Blue Collar Bioinformatics

Note: new posts have moved to http://bcb.io/ Please look there for the latest updates and comments

Posts Tagged ‘biosql

BioSQL on Google App Engine

with 4 comments

The BioSQL project provides a well thought out relational database schema for storing biological sequences and annotations. For those developers who are responsible for setting up local stores of biological data, BioSQL provides a huge advantage via reusability. Some of the best features of BioSQL from my experience are:

  • Available interfaces for several languages (via Biopython, BioPerl, BioJava and BioRuby).
  • Flexible storage of data via a key/value pair model. This models information in an extensible manner, and helps with understanding distributed key/value stores like SimpleDB and CouchDB.
  • Overall data model based on GenBank flat files. This makes teaching the model to biology oriented users much easier; you can pull up a text file from NCBI with a sequence and directly show how items map to the database.

Given the usefulness of BioSQL for local relational data storage, I would like to see it move into the rapidly expanding cloud development community. Tying BioSQL data storage in with Web frameworks will help researchers make their data publicly available earlier and in standard formats. As a nice recent example, George has a series of posts on using BioSQL with Ruby on Rails. There have also been several discussions of the BioSQL mailing list around standard web tools and APIs to sit on top of the database; see this thread for a recent example.

Towards these goals, I have been working on a BioSQL backed interface for Google App Engine. Google App Engine is a Python based framework to quickly develop and deploy web applications. For data storage, Google’s Datastore provides an object interface to a distributed scalable storage backend. Practically, App Engine has free hosting quotas which can scale to larger instances as demand for the data in the application increases; this will appeal to cost-conscious researchers by avoiding an initial barrier to making their data available.
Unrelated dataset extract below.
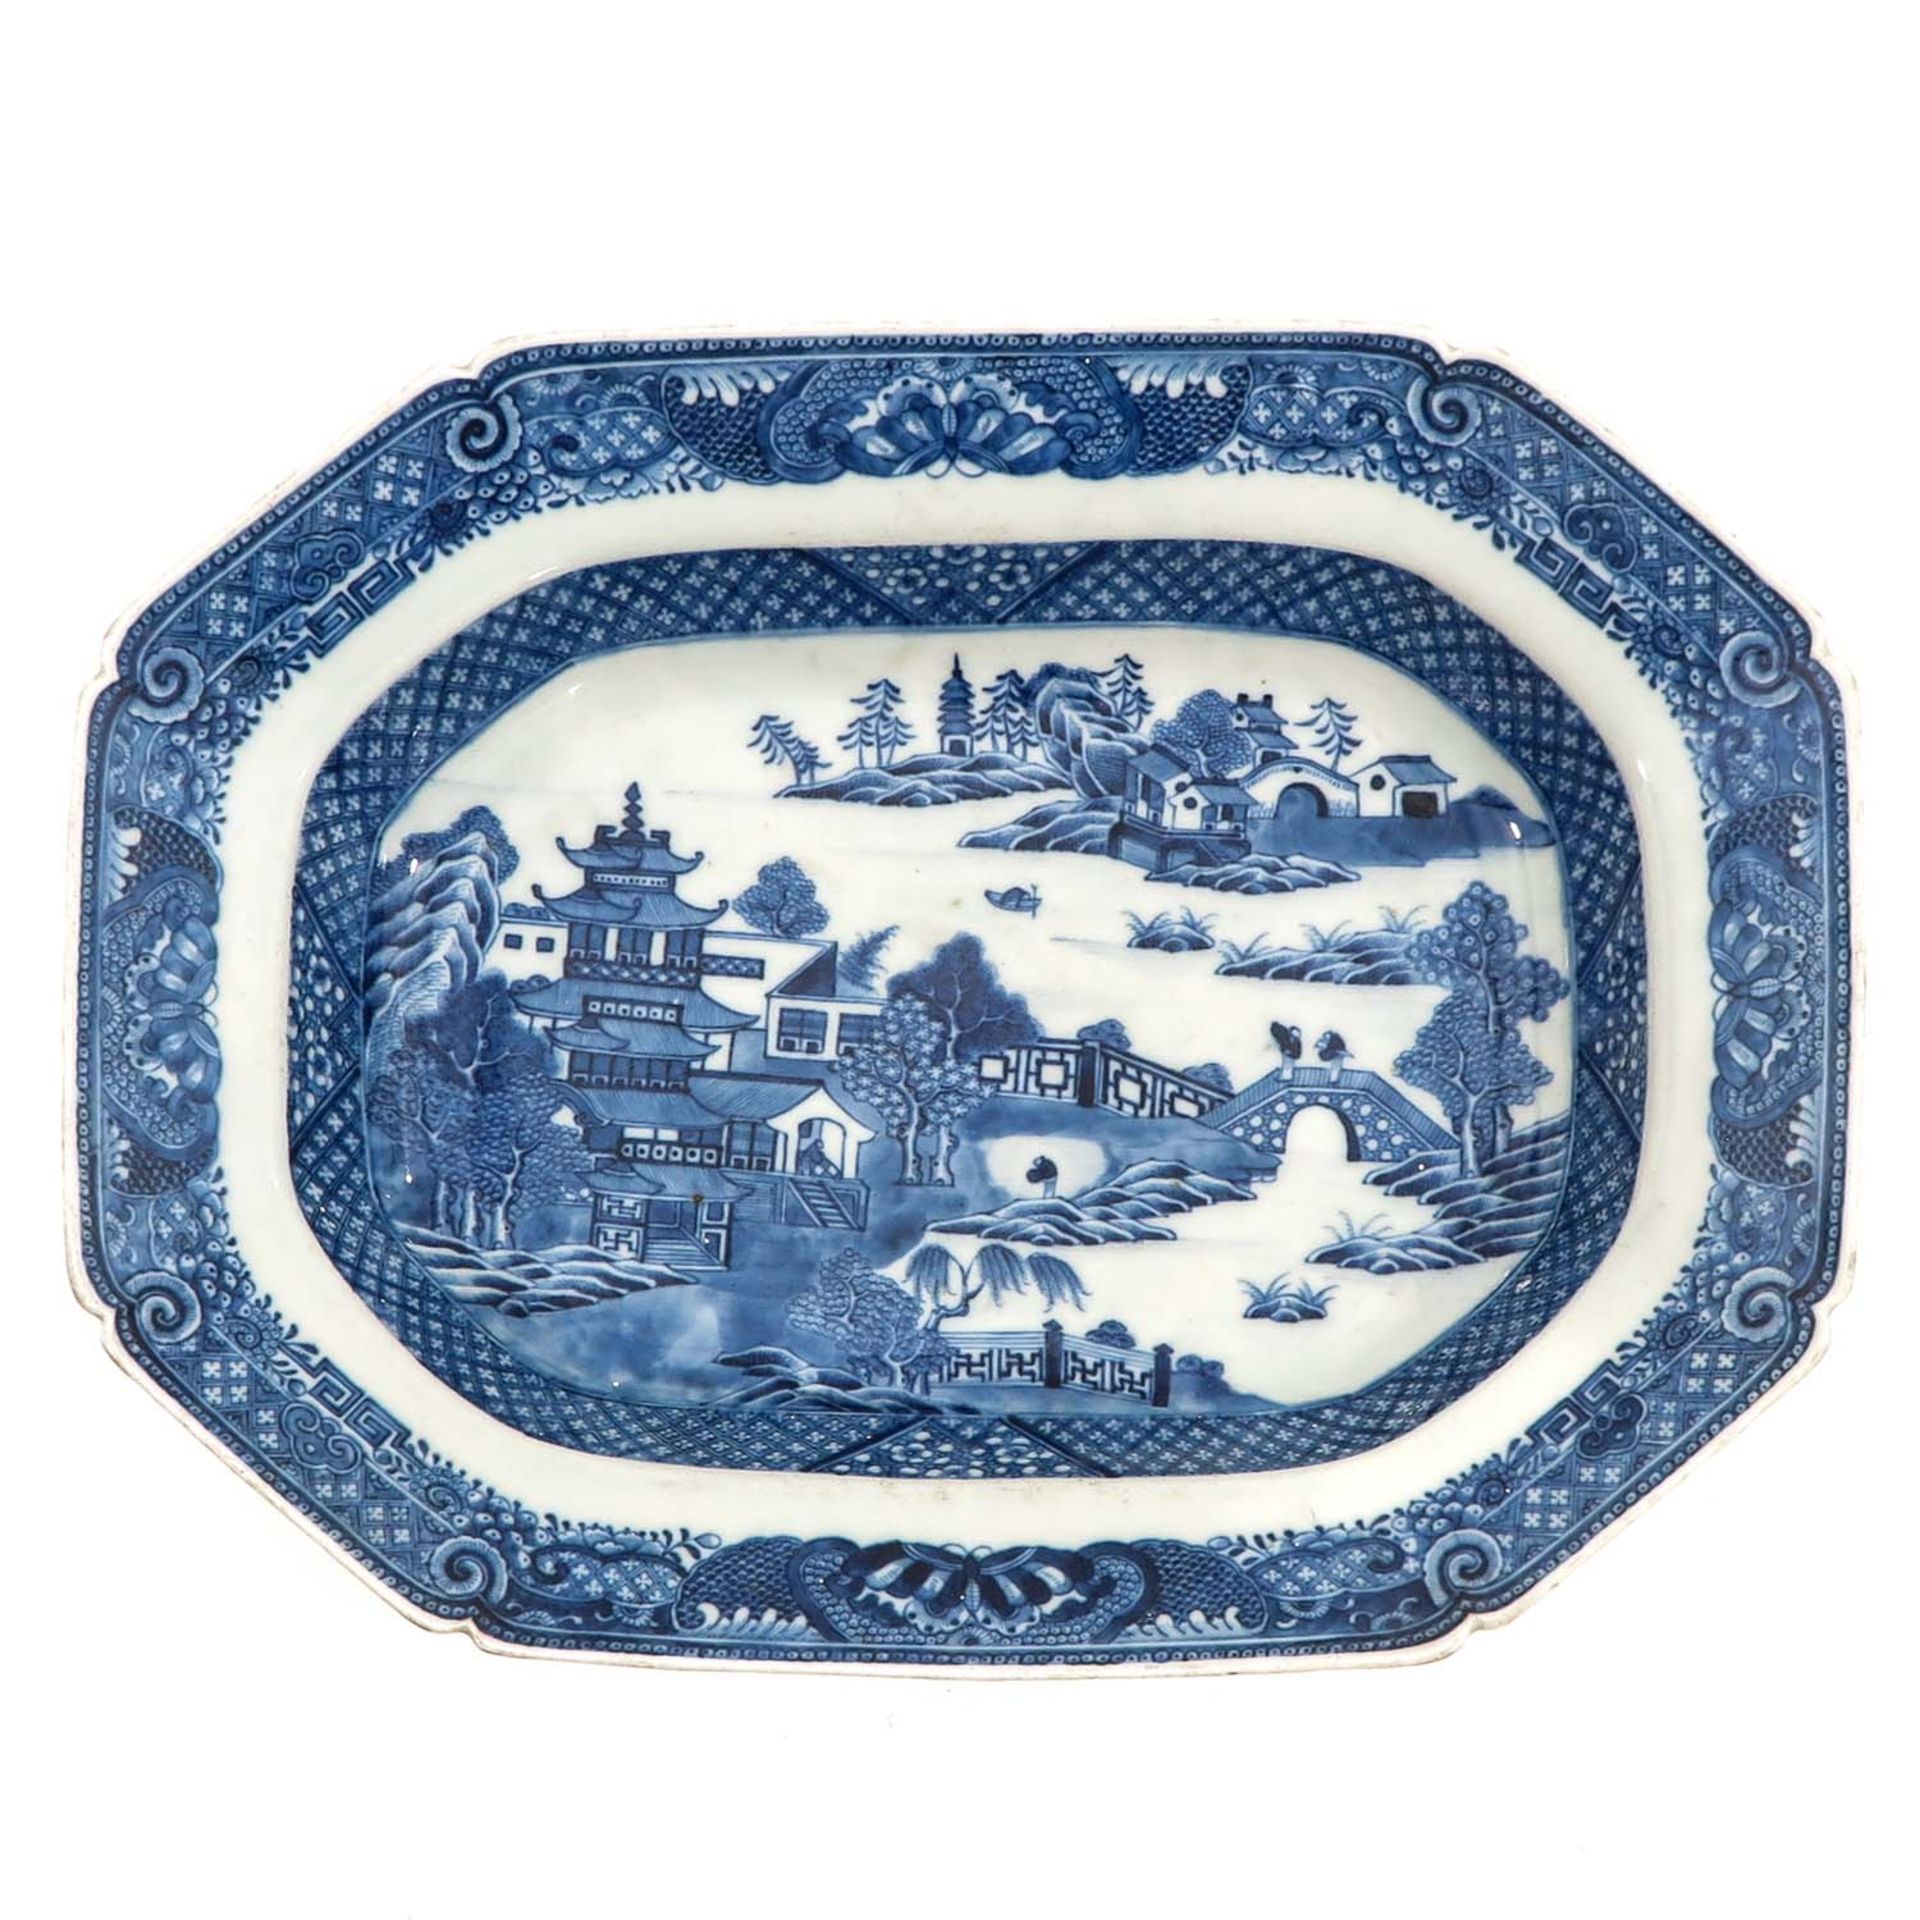 A Blue and White Serving Tray

My work on this was accelerated by the Open Bioinformatics Foundation’s move to apply for participation in Google’s Summer of Code. OpenBio is a great community that helps organize projects like BioPerl, Biopython, BioJava and BioRuby. After writing up a project idea for BioSQL on Google App Engine in our application, I was inspired to finish a demonstration of the idea.
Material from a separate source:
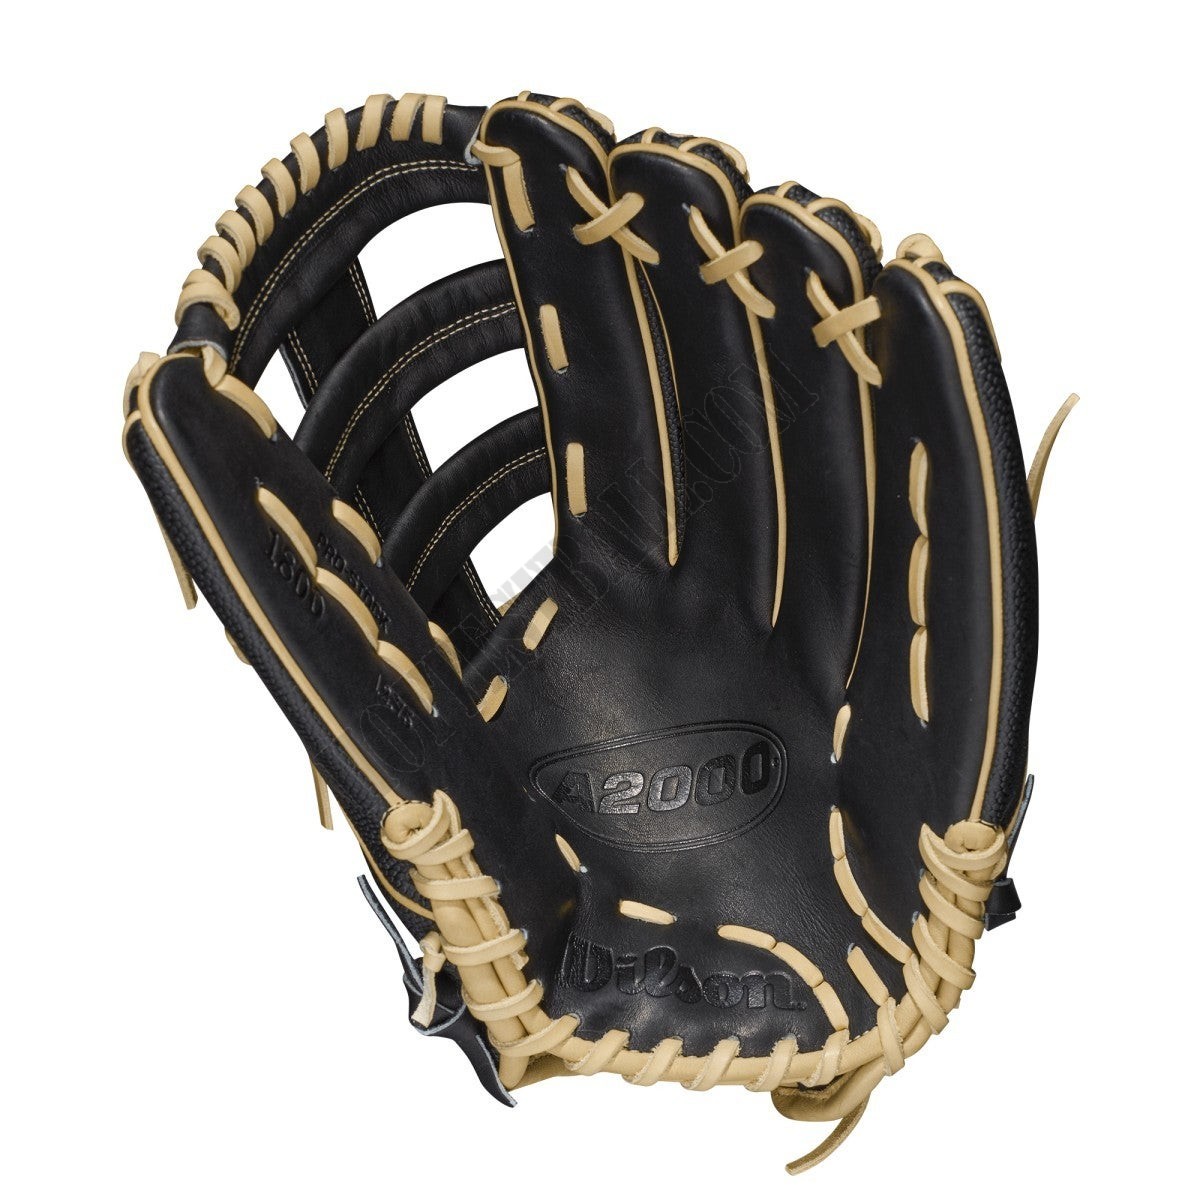 2021 A2000 1800SS 12.75" Outfield Baseball Glove ● Wilson Promotions - -2

I am happy to announce a simple demonstration server running a BioSQL based backend: BioSQL Web. The source code is available from my git repository. Currently the server allows uploads of GenBank formatted files and provides a simple view of the records, annotations and sequences. The data is stored in the Google Datastore with an object interface that mimics the BioSQL relational model.

Future posts will provide more details on the internals of the server end and client interface as they develop. As always, feedback, thoughts and code contributions are very welcome.

Written by Brad Chapman

March 15, 2009 at 8:45 am

Initial GFF parser for Biopython

with 10 comments

Generic feature format (GFF) is a nice plain text file format for storing annotations on biological sequences, and would be very useful tied in with the BioSQL relational database. Two weeks ago, I detailed the Bioperl GenBank to GFF mapping, which provided some introductory background to the problem. Here I’m continuing to explore GFF and BioSQL together, but from the opposite direction.
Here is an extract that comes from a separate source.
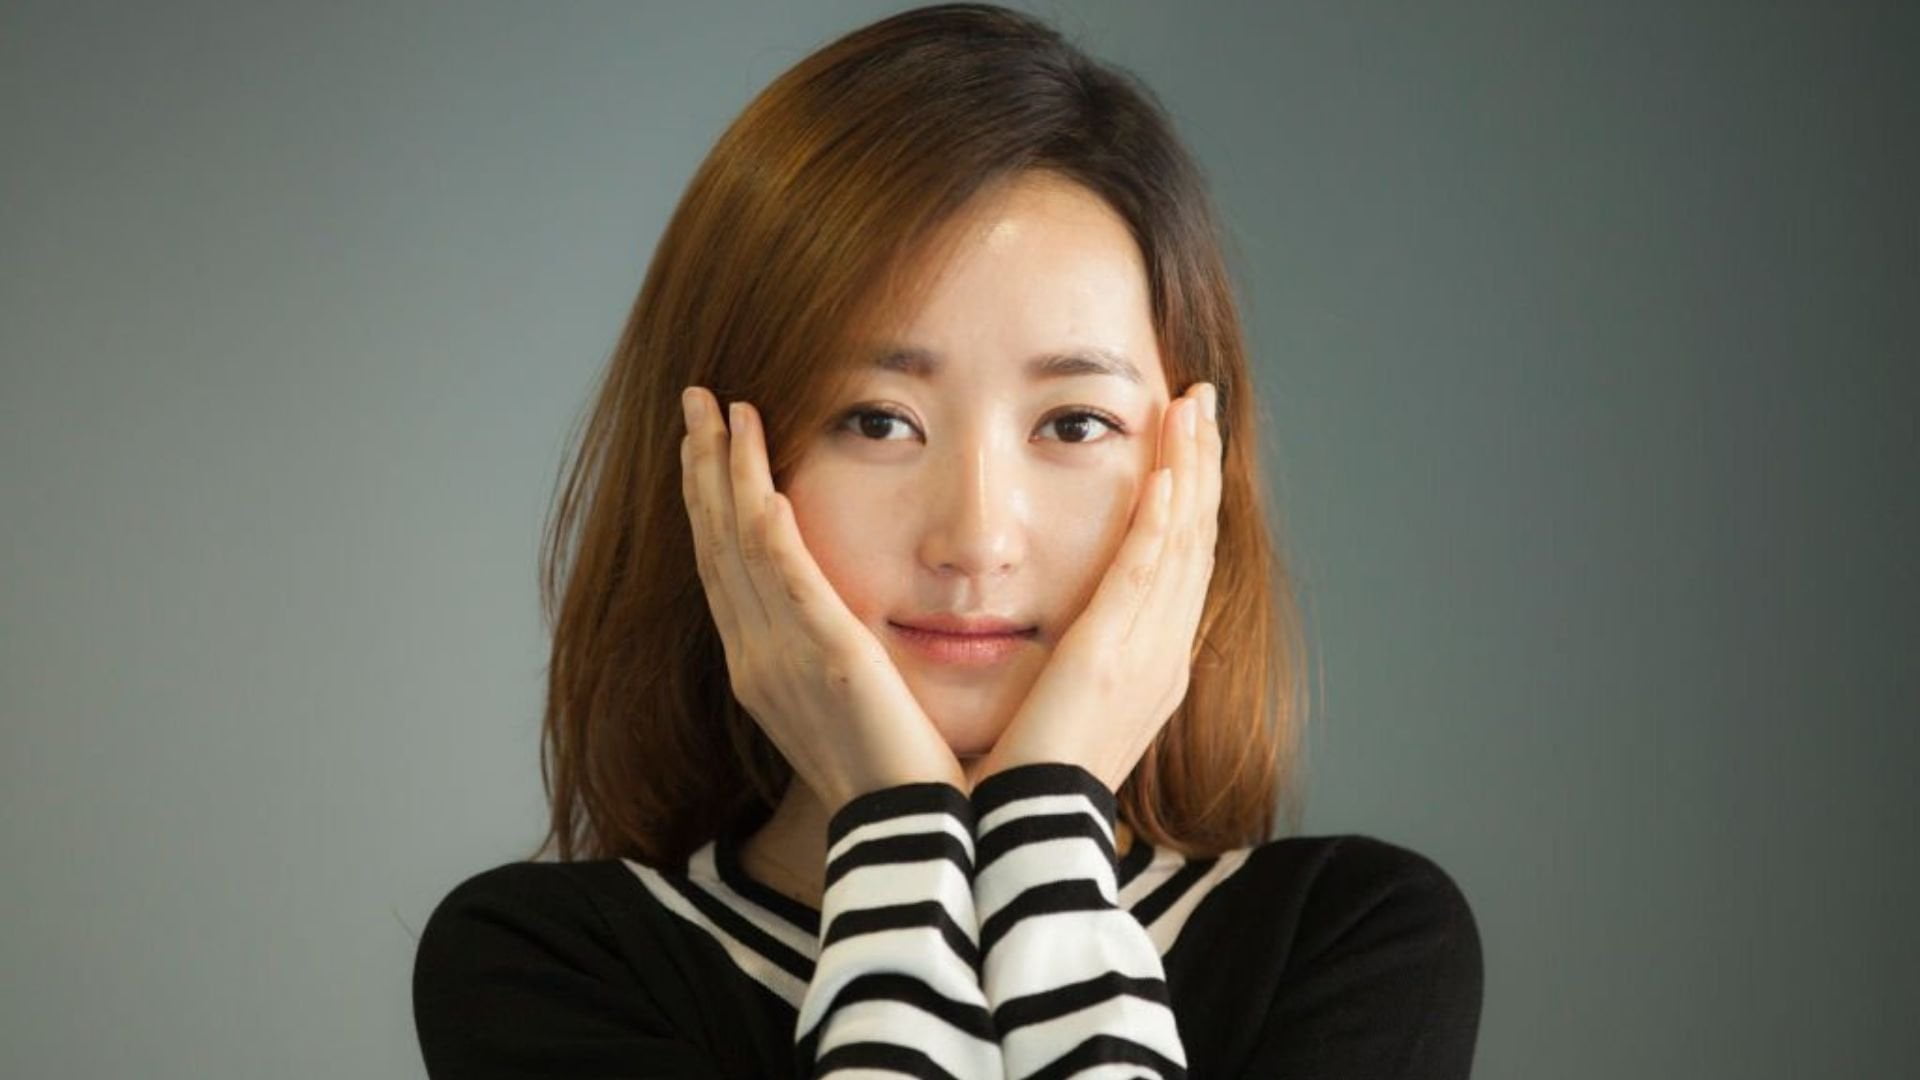 Yeonmi Park Plastic Surgery: Did She Have Breast Implants?

I implemented an initial pass at a python GFF parser that will hopefully eventually be included in Biopython. You can find the current code in the git repository. I’d be very happy to have others help with development, provide usage feedback and pass along difficult GFF files for testing.

Implementation

GFF parsing is a little tricker to fit into the Biopython SeqIO system than other sequence file formats. Formats like GenBank or UniProt contain a sequence and its features combined into a single record. This allows parsers to iterate over files one at a time, returning generic sequence objects from each record. This scales with large files so your memory and processor worries are bounded by the most complicated record in the file.

In contrast, GFF files are separate from the primary sequences and do not have any guarantees about annotations for a record being grouped together. To be sure you’ve picked up all features for a record, you need to parse the entire GFF file. For large real-life files this becomes a problem as all of the features being added will rapidly fill up available memory.

To solve these problems, GFF parsing is implemented here as a feature addition module with filtering. This means that you first use standard Biopython SeqIO to parse the base sequence records, and then use the GFF class to add features to these initial records. The addition function has an option argument allowing added features to be limited to a subset of interest. You can limit based on record names and add all features related to a specific sequence, or you can limit based on types of GFF features and add these features to all records in the file.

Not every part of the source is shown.